Like a cross between, I dunno... Schizopolis, A Walk Through H, Pi, The Crying of Lot 49, Kafka, Borges, my shitty, bureaucratic desk job, and my sense of my existence these days. Well done! Set itself up to be nothing less than a Clever Philosophical Movie and, whaddya know? Kinda nailed it. Enjoyed this a lot. 4.5
This film handles meta cognizance in a way that is unparalleled by any other film. It explains human thought and the crisis of being so perfectly, so acutely in a way that is both comprehendible and relatable to every day life. The interwoven narratives each find their match and give a great aha moment. The film pays the viewer massive dividends to follow and remain invested in each touch. Each word added something.
Cockburn delivers a shotgun-blast of heady existential quandaries and theoretical exercises, with little attention paid to pacing (endless at only 78 minutes) or aesthetic value. Crucially lacks the human factor present in fellow "puzzle box" films like PRIMER or COHERENCE. With nothing to hold on to, the viewer is lost beneath the waves with no incentive to find her/his way out.
Have you seen 'Mindwalk'? That 1990 film starred Sam Waterston, John Heard, and Liv Ullman. Well, that film was very low-tech and somewhat confusing as well. I can't say if this film is better, though it's just different enough to be fresh. But this one is at once more detailed and more abstract. My pet name for this film is 'Mindf**k'.
Everything was going so smoothly until the laser pointer. Now I have a **ADAC**.

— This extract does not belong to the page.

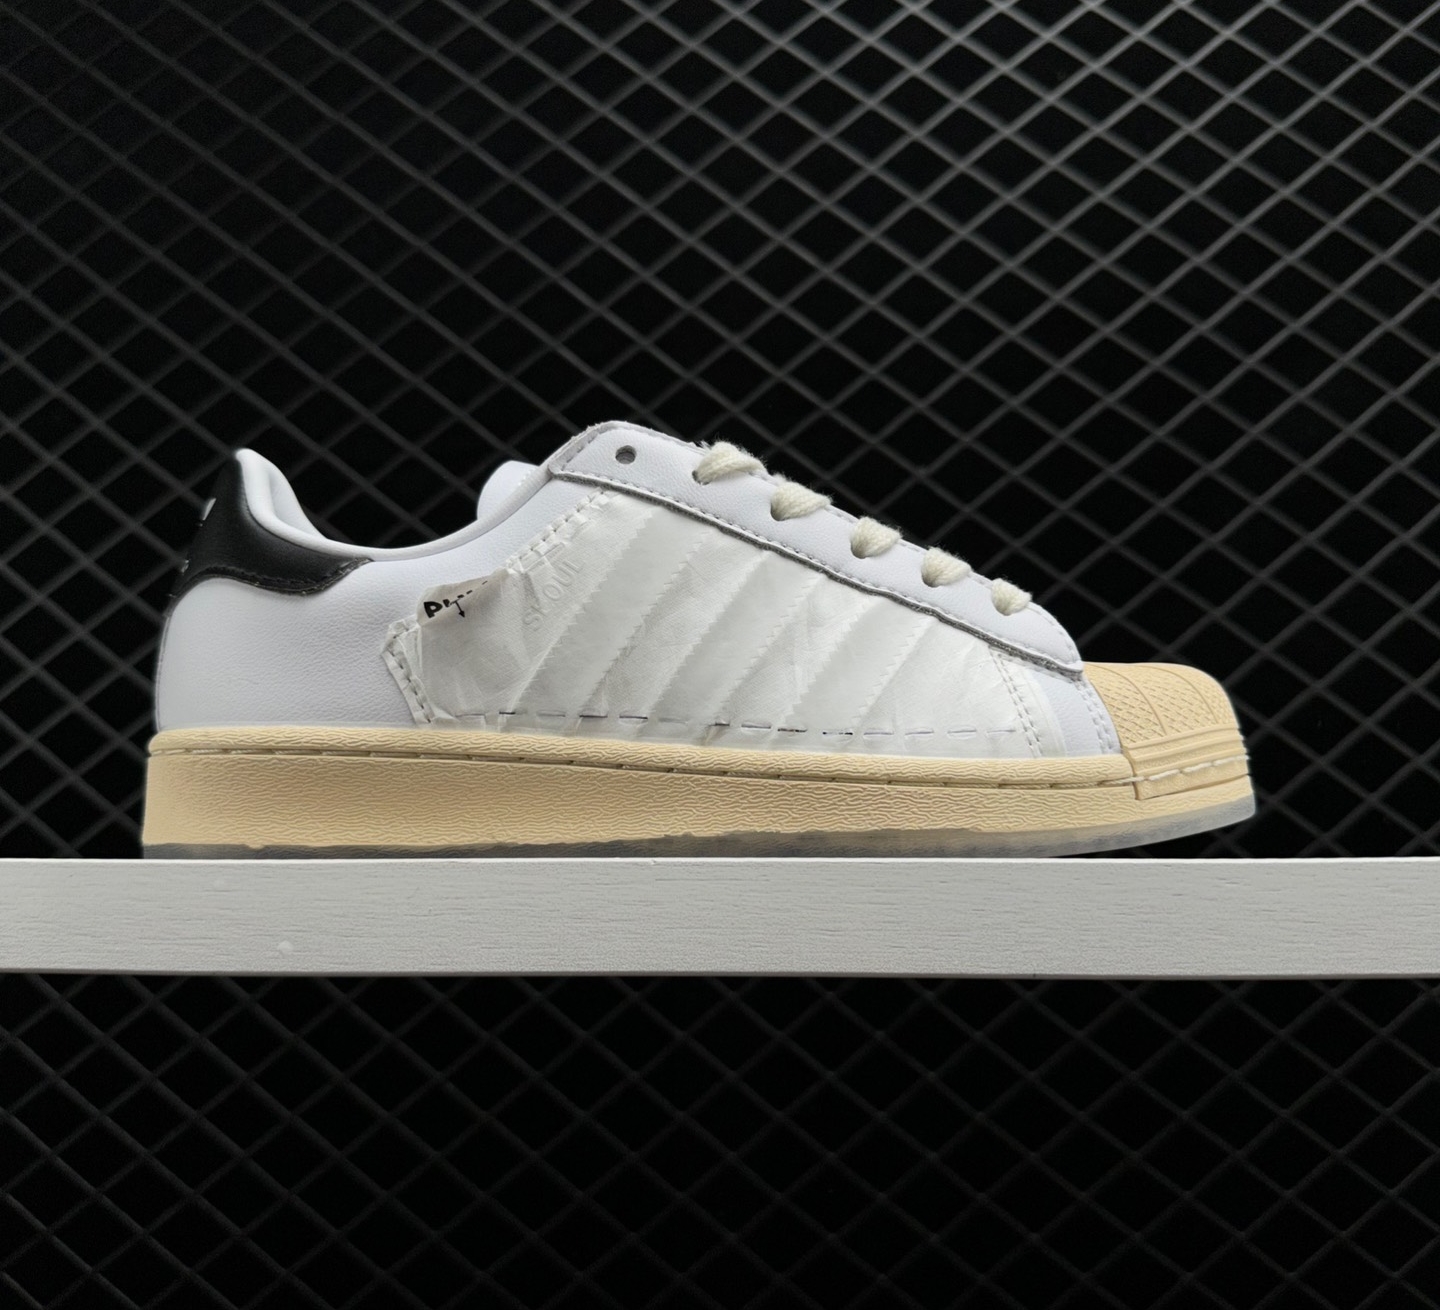 Adidas Superstar 'White Black' FV2831 - Classic Style and Timeless Appeal

The effort of trying to understanding the world (as an archive). The powers of consciousness. The music of chance. The human being as a collective. All interesting themes, but none properly investigated.
At times it really manages to slip under your skin and into your brain. It's like the movie itself is talking to /you/ – popped out of the blue just for you. Like the Archivist you start collecting hints, perfectly conscious that you're entering a labyrinth. But in the end it all feels disconnected: the labyrinth was just an illusion trick, and the magic vanishes. I thought there was more. Still it's worth the ride.
Strangeness for the sake of strangeness does not always work. Here it does. At times laugh out loud funny. At times head scratch inducing. At times something you will end up thinking about for sometime after. There are threads here I would love to follow further regardless of where they might take me.